In an epistemological sense (what can we learn?), it means something. You gain knowledge conditional on the untested premises being true. Since (at least until now) we cannot prove every edifice of reality, all our knowledge will be necessarily conditional. We will never get to the "truth".

Answer 14

I think that examples involving marbles or coins or height-measuring can be fine for practicing the math, but they aren't good for building intuition. College students like to question society, right? How about using a political example?

Say a political candidate ran a campaign promising that some policy will help the economy. She was elected, she got the policy enacted, and 2 years later, the economy is booming. She's up for re-election, and claims that her policy is the reason for everyone's prosperity. Should you re-elect her?

The thoughtful citizen should say "well, it's true that the economy is doing well, but can we really attribute that to your policy?" To truly answer this, we must consider the question "would the economy have done well in the last 2 years without it?" If the answer is yes (e.g. the economy is booming because of some new unrelated technological development) then we reject the politician's explanation of the data.

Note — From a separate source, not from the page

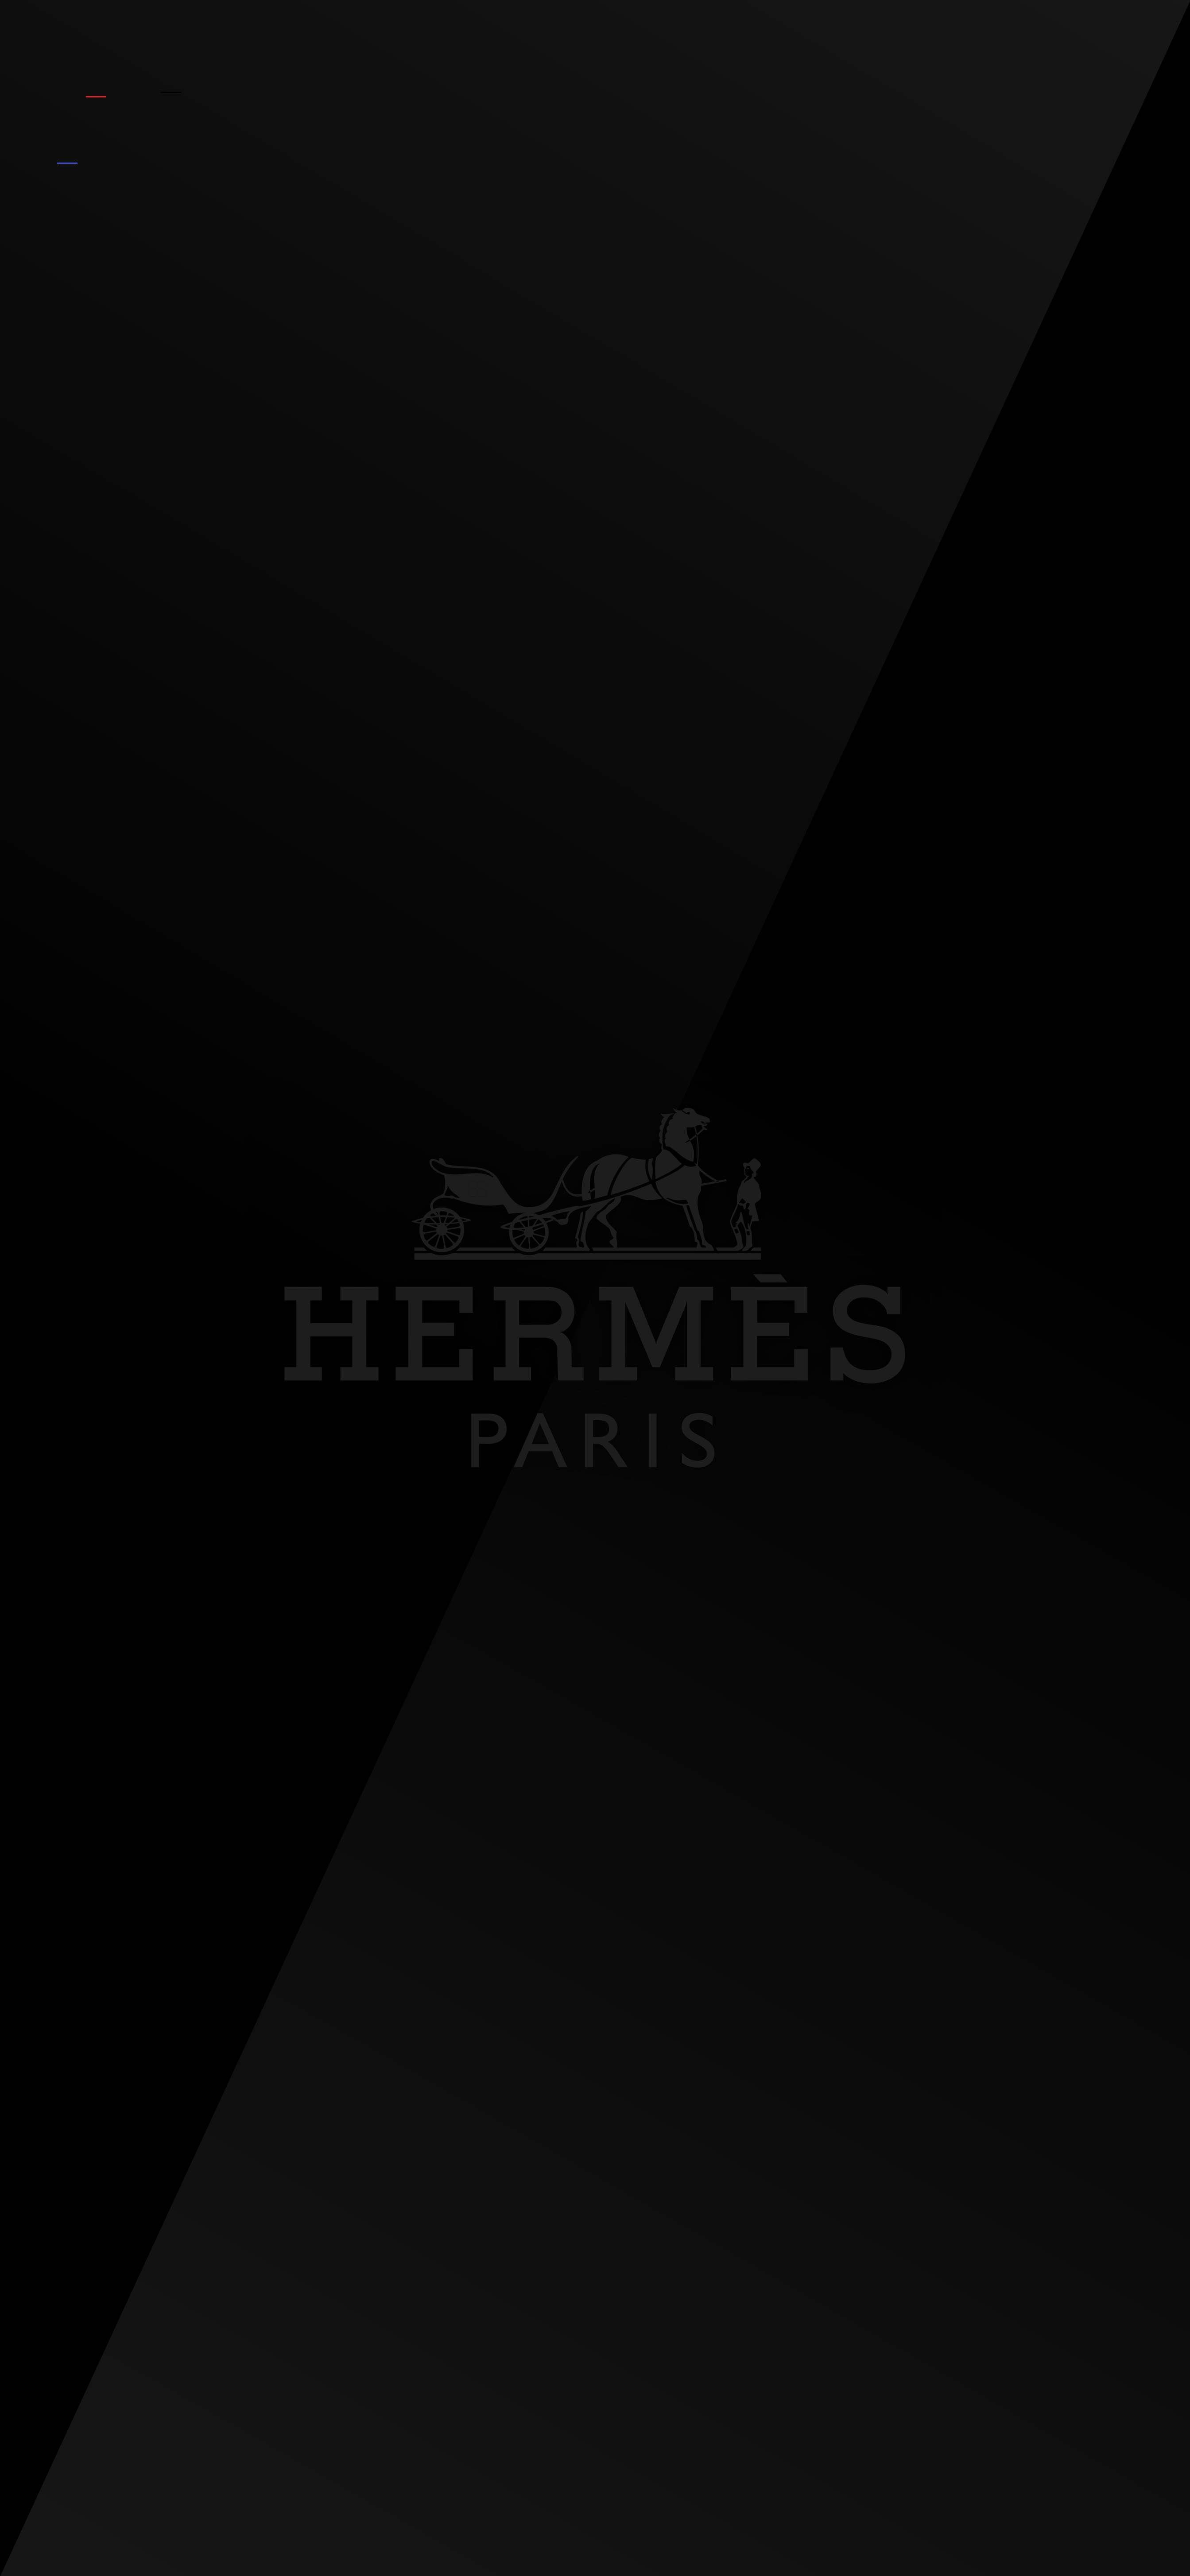 HERMÈS Wallpaper Refresh ios13wallpaper in 2020

That is, to examine one hypothesis (policy helped the economy), we must build a model of the world where that hypothesis is null (the policy was never enacted). We then make a prediction under that model. We call the probability of observing this data in that alternate world the p-value. If the p-value is too high, then we aren't convinced by the hypothesis--the policy made no difference. If the p-value is low then we trust the hypothesis--the policy was essential.

Answer 15

The p-value isnt as mysterious as most analysts make it out to be. It is a way of not having to calculate the confidence interval for a t-test but simply determining the confidence level with which null hypothesis can be rejected.

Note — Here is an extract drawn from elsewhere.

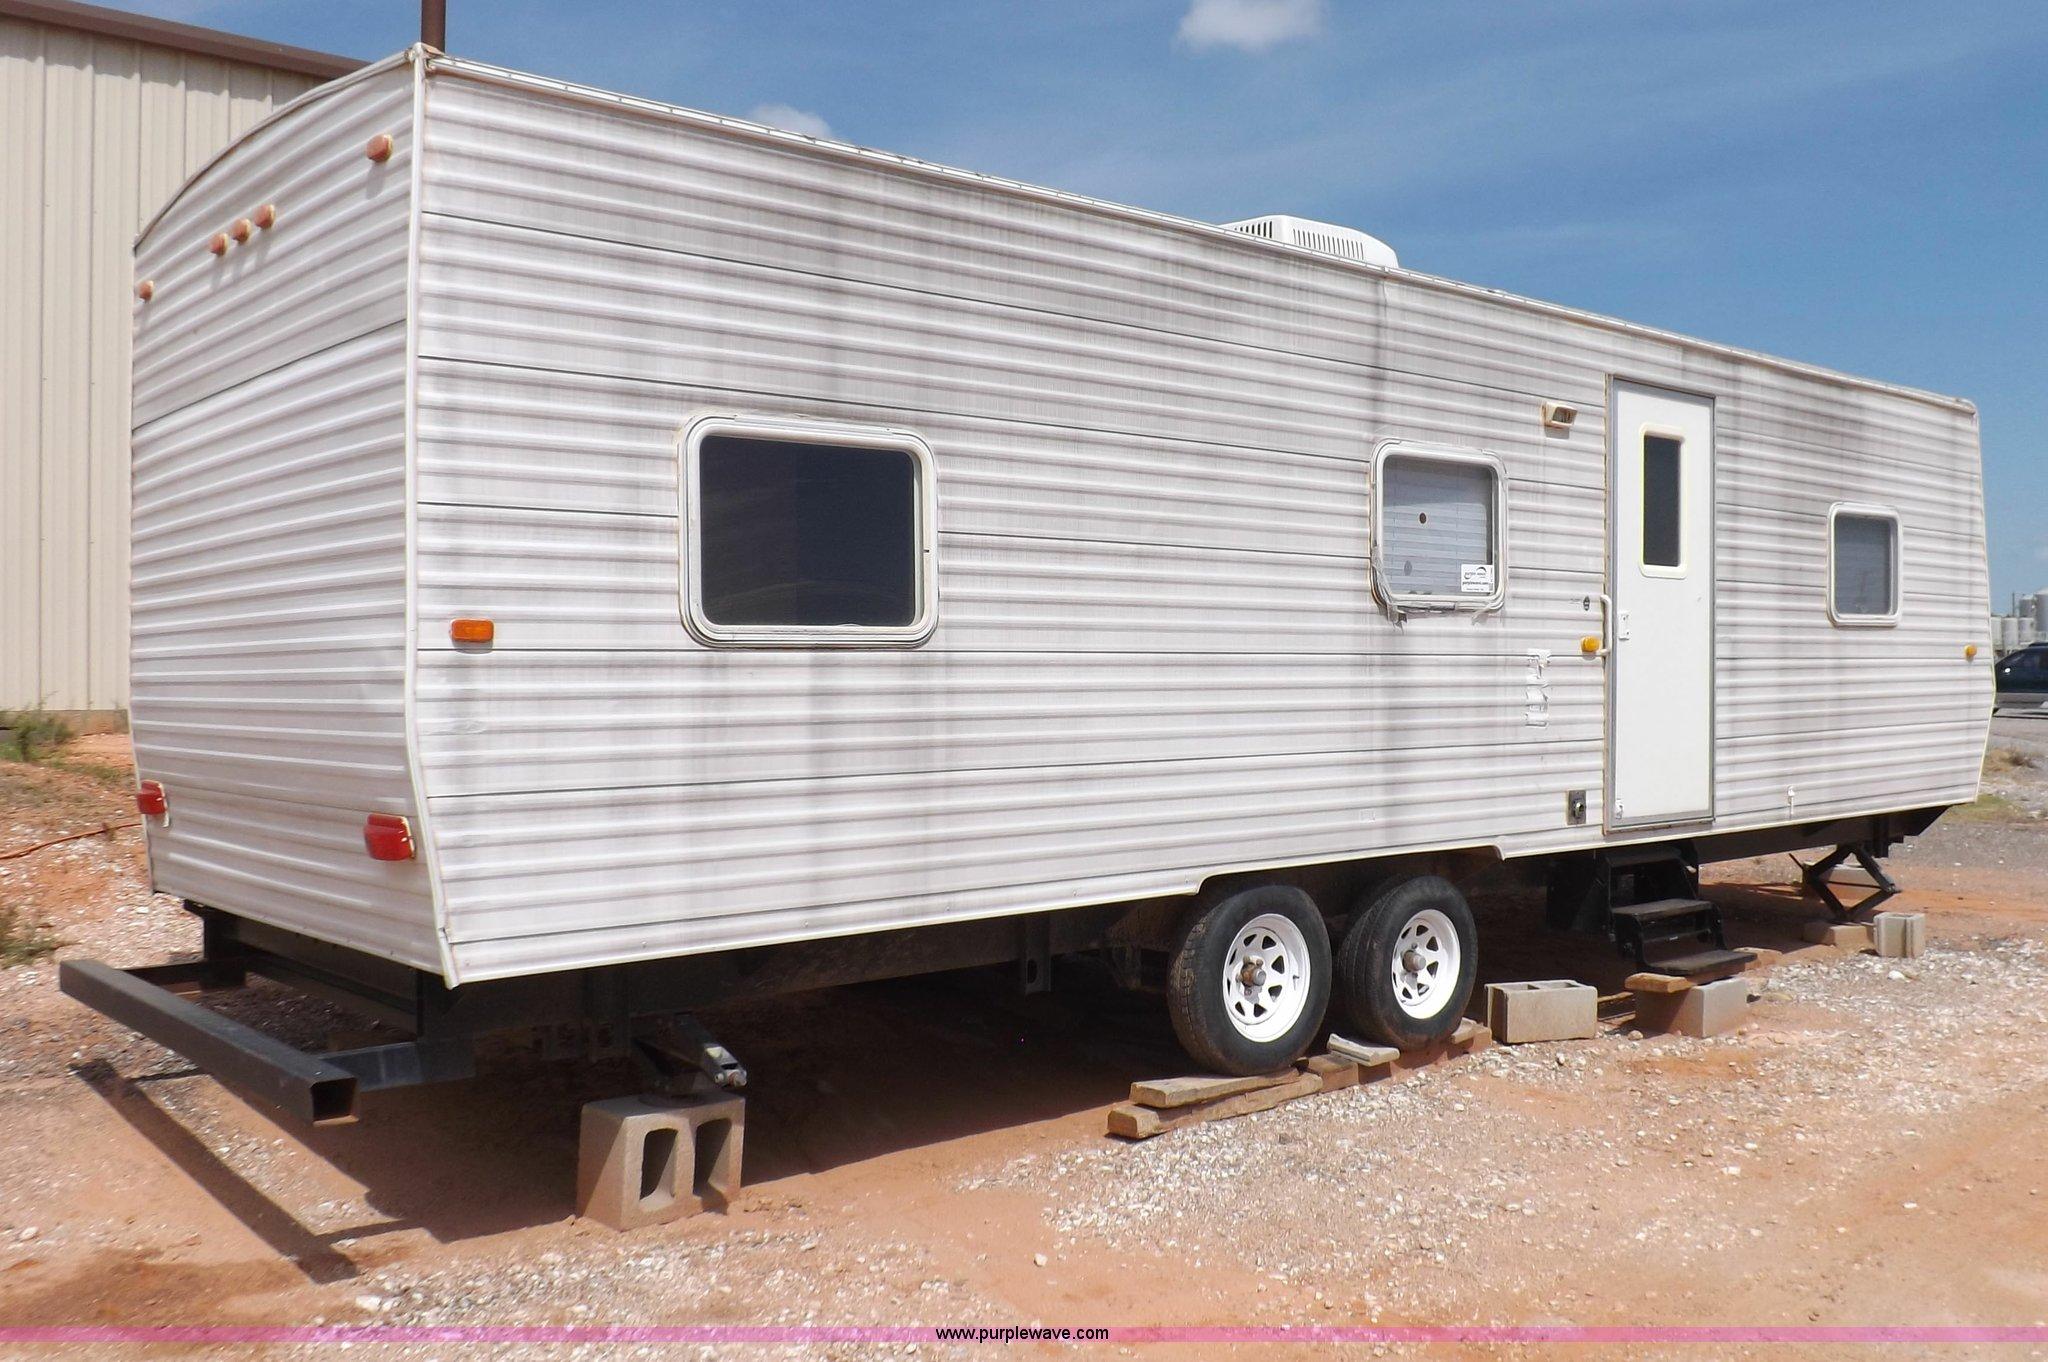 ... Gulfstream Cavalier camper Full size in new window ...

ILLUSTRATION. You run a test. The p-value comes up as 0.1866 for Q-variable, 0.0023 for R-variable. (These are expressed in %).

If you are testing at a 95% confidence level to reject the null hypo;

for Q: 100-18.66= 81.34%

for R: 100-0.23= 99.77%.

At a 95% confidence level, Q gives an 81.34% confidence to reject. This falls below 95% and is unacceptable. ACCEPT NULL.

R gives a 99.77% confidence to reject null. Clearly above the desired 95%. We thus reject the null.

I just illustrated the reading of the p-value through a 'reverse way' of measuring it up to the confidence level at which we reject the null hypo.